GHOSTS

The spirits came as they always did, even when she was too sound asleep to sense them. They crowded around her bed, their whispery babble like the rustling of curtains in air currents. The tomb cat glared at them from the foot of the bed, his ears flat and whiskers erect.

Their stories made her restless this night, and she rolled over many times, burying her head in her pillow. The spirits became agitated when she would not listen, became more aggressive, prodding her through her blankets, and moaning. One used all its energy to move a book one inch on her desk before dissipating in a twist of smoke. The tomb cat growled.

Suddenly she sat up. “Leave me,” she commanded in a voice that was perhaps not entirely her own. The spirits obeyed and vanished, and the cat leaped away in fright. She sat dazed and puzzled for a moment before flopping back into her pillow with a sigh, and quickly fell into undisturbed sleep.

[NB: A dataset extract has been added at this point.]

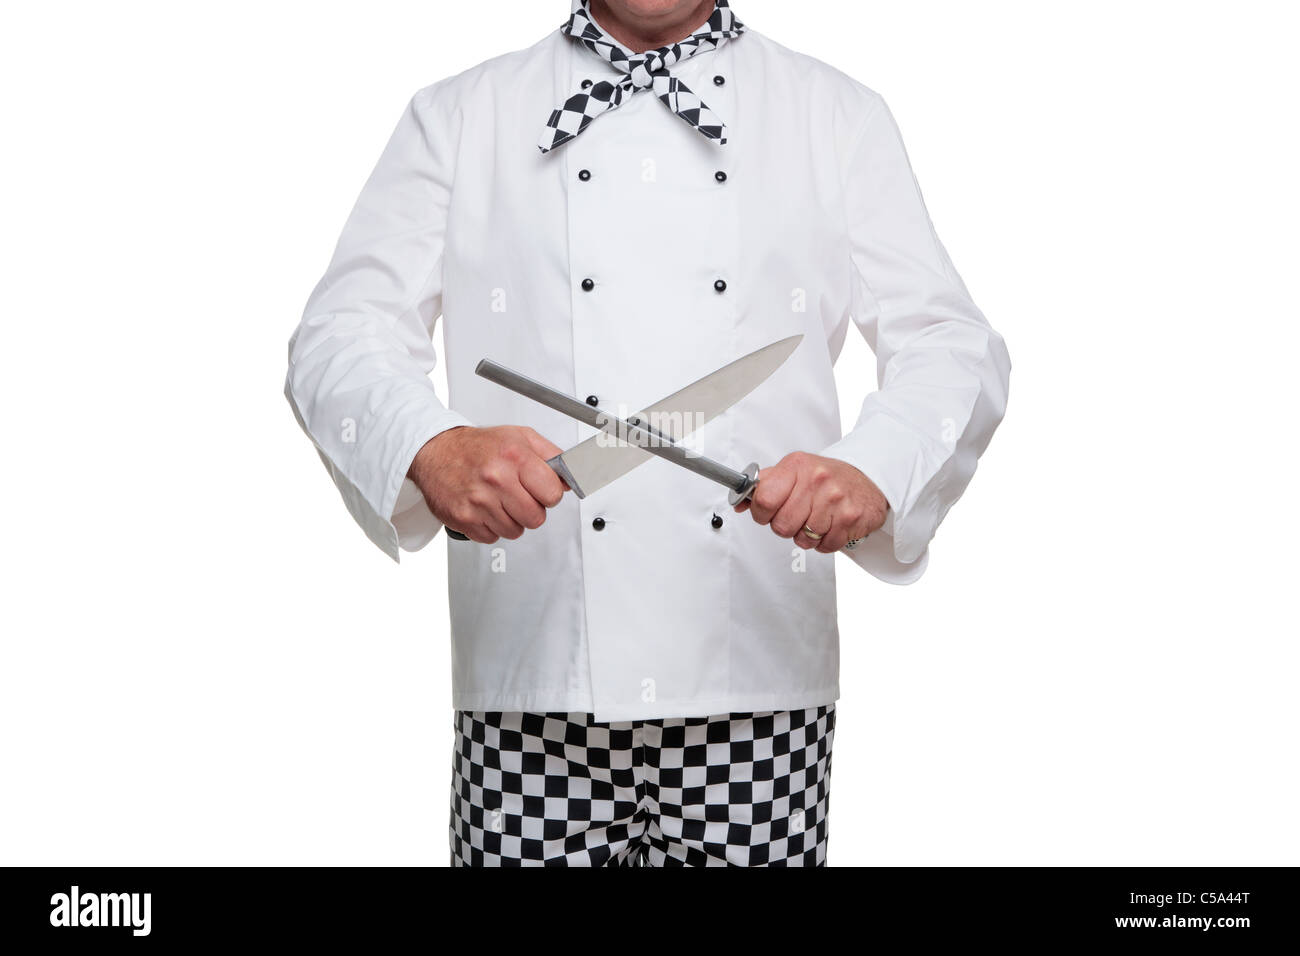 Foto von einem Koch in Uniform schärfen seine Schnitzmesser isoliert auf einem weißen Hintergrund. Stockfoto

Though all the others fled, one ghost remained behind, but he did not tell Karigan G’ladheon stories. He did not prod her. They had met before, she and he, though the death god would have obscured her memory of it. He’d been her counterpart in a long ago time, a Green Rider. He had worn the brooch she now wore. As he had once been, she was an avatar of Westrion.

She had commanded the ghosts, and they obeyed.

The tomb cat came out of hiding from beneath the bed and sat on his haunches, watching the spirit with the particular disdain only cats could muster. The ghost of Siris Kiltyre laughed before he turned and vanished.